Литмир - Электронная Библиотека
Содержание  
A
A

Гораздо реже, чем принято считать, провалы происходили из-за прямого предательства кого-либо из подпольщиков. При этом не следует считать предательством, когда арестованный, не выдержав изощренных пьпок или пыток членов его семьи, начинал давать показания. Об этом можно только горько сожалеть, но обвинять в этом никого нельзя. Видимо, существует предел мучений, которые способен выдержать человек, у каждого он свой, и предугадать его заранее невозможно.

Но куда чаще спецслужбы оккупантов, особенно СД и ГФП, использовали свои специфические контрразведывательные методы, вычисляли подпольщиков и разведчиков. Не следует забывать, что в этих спецслужбах работали не только садисты-костоломы, но и высококвалифицированные специалисты сыска.

В небольших городах была своя особенность. Здесь, повторимся, русские полицейские часто еще с довоенных времен лично знали многих местных жителей, а потому могли брать под наблюдение тех, кто, по их представлениям, мог стать подпольщиком.

Наконец, в жизни почти каждого подпольщика наступал критический момент невыносимой психологической усталости, когда от непрестанного нервного напряжения, мобилизации всех душевных сил выдержка сдавала и человек начинал совершать ошибки.

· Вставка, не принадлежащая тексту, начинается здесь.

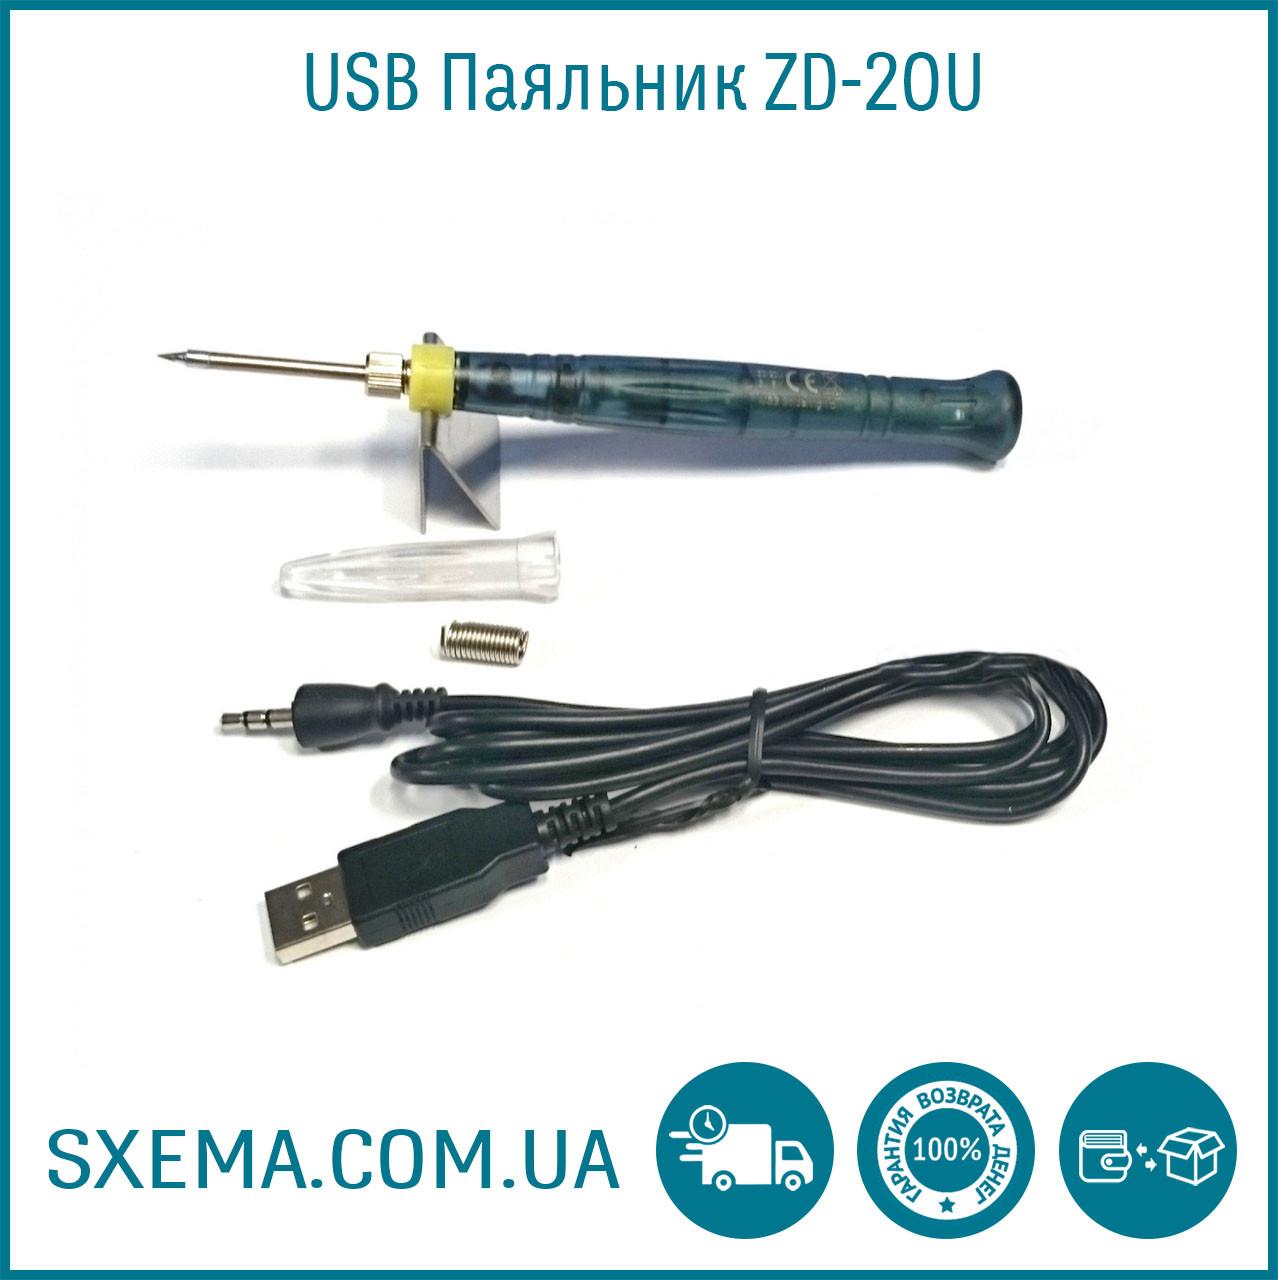 USB паяльник ZD-20U 8W, 1.4 ампера, 5 вольт

Ослабевала бдительность, порой приходило обманчивое чувство собственной неуязвимости.

Можно предположить, что у Дмитрия Иванова были сильные подозрения на принадлежность к подполью его одноклассников Тони Хотеевой и Коли Евтеева. Антонину, к тому же, он невзлюбил еще со школьных времен. Возможно, из-за пустяка, к примеру, когда-то она могла отказать ему на танцах. А может, и потому, что она была активной общественницей. Он определенно подозревал Клавдию Антоновну Азарову и с большим недоверием относился к Викторину и Олимпиаде Зарецким. Но всего этого было недостаточно, чтобы нанести по подполью сильный и действенный удар.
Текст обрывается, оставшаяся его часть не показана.